▸ Exercise details: Reproduce, exactly and only, the lines of the data that follows from the one containing "A bowl of strawberry" down to the one containing "Guilty Gear Xx Accent Core Plus R On Steam", without pictures.

▸ Recorded data:
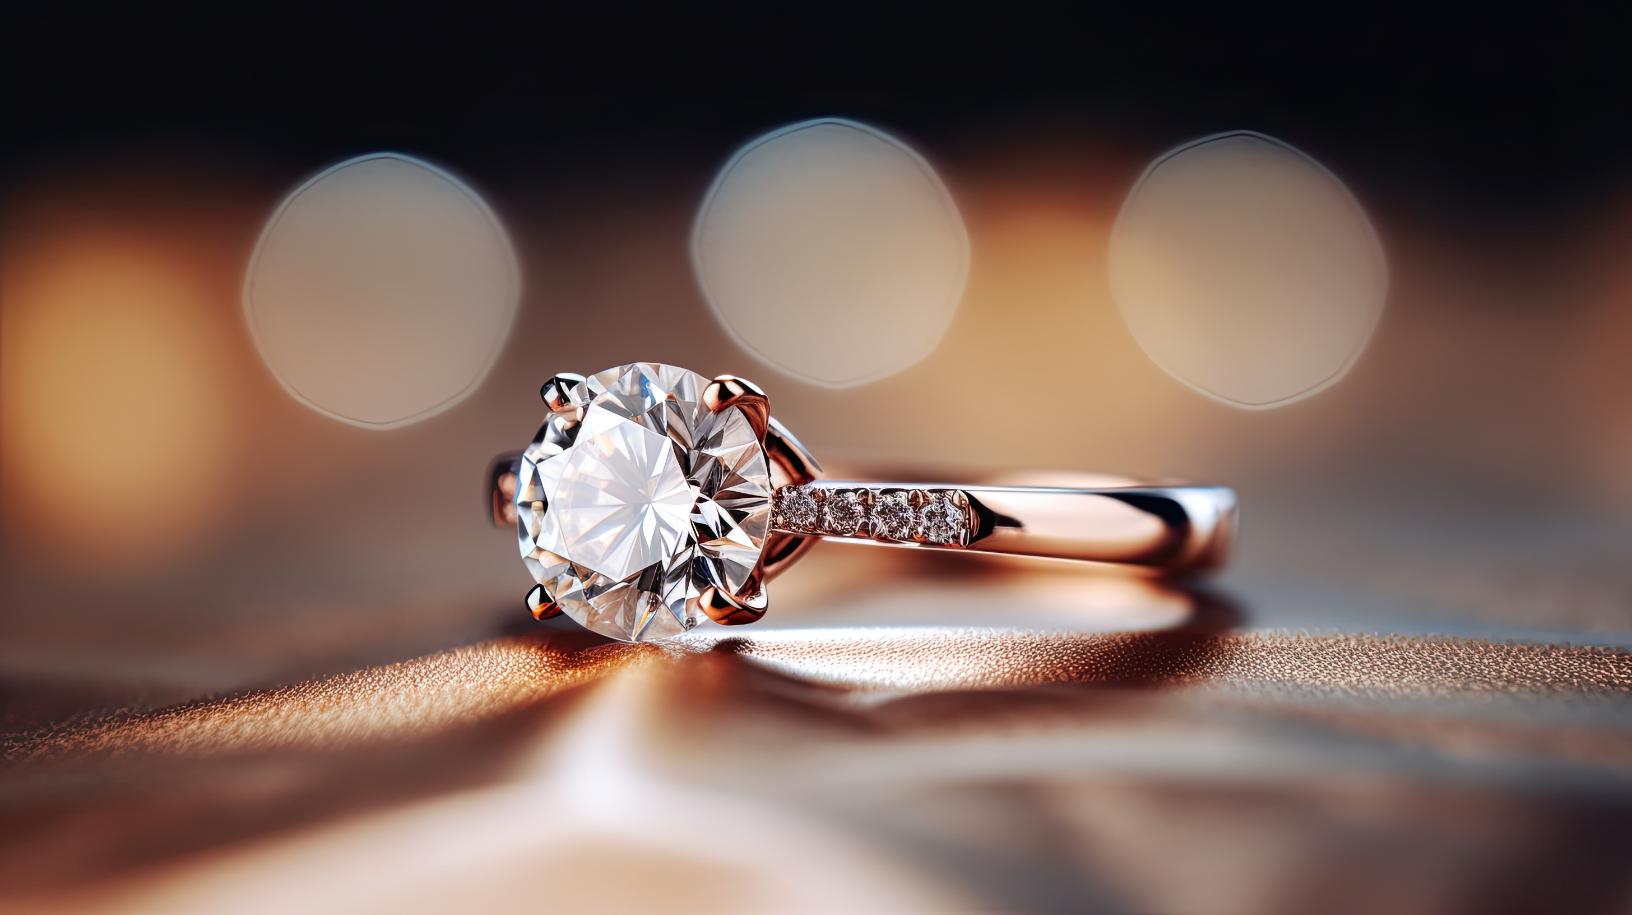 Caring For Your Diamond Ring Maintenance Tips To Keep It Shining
---
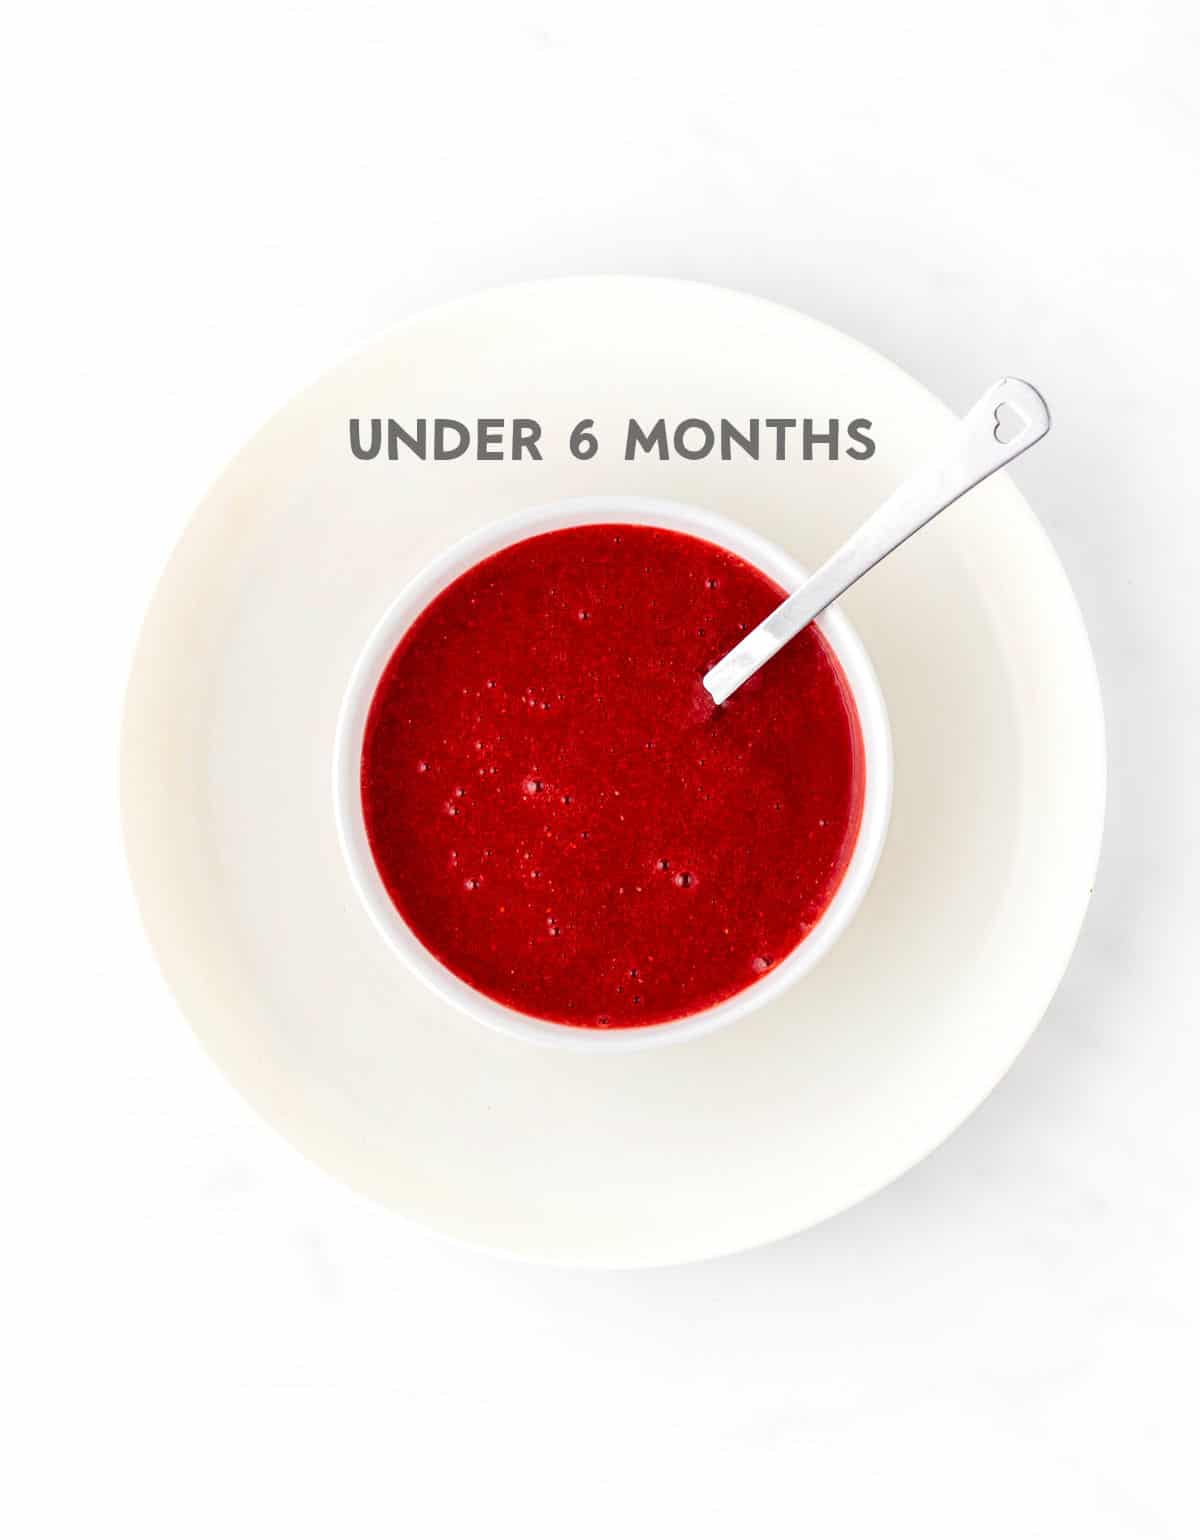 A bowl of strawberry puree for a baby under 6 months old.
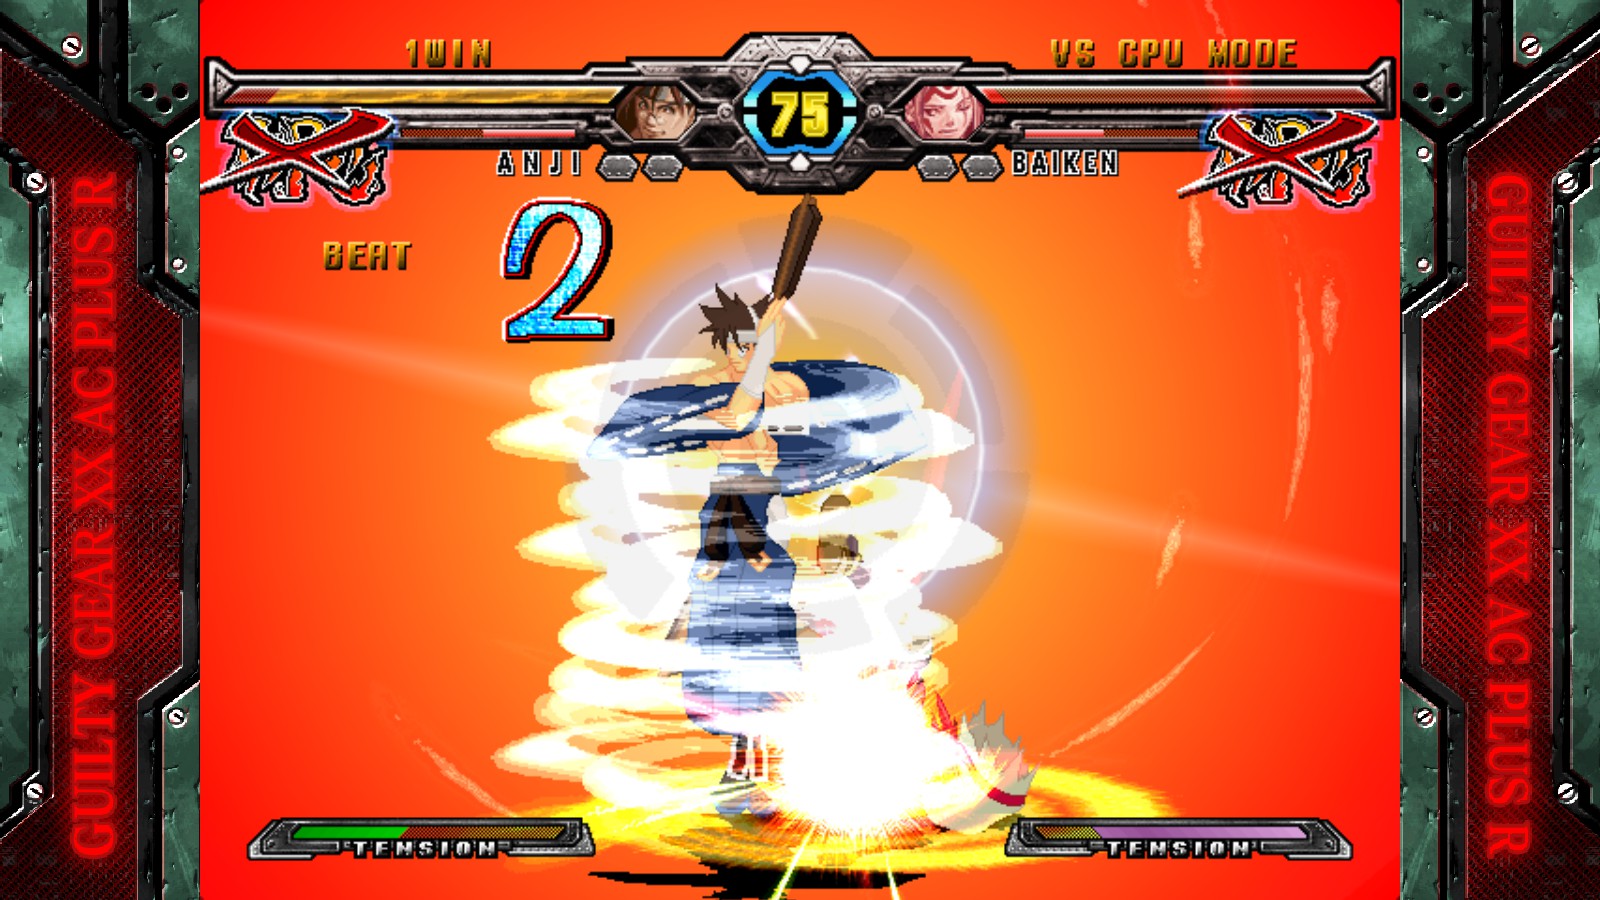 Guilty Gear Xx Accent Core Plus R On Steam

▸ Solution:
 A bowl of strawberry puree for a baby under 6 months old.
 Guilty Gear Xx Accent Core Plus R On Steam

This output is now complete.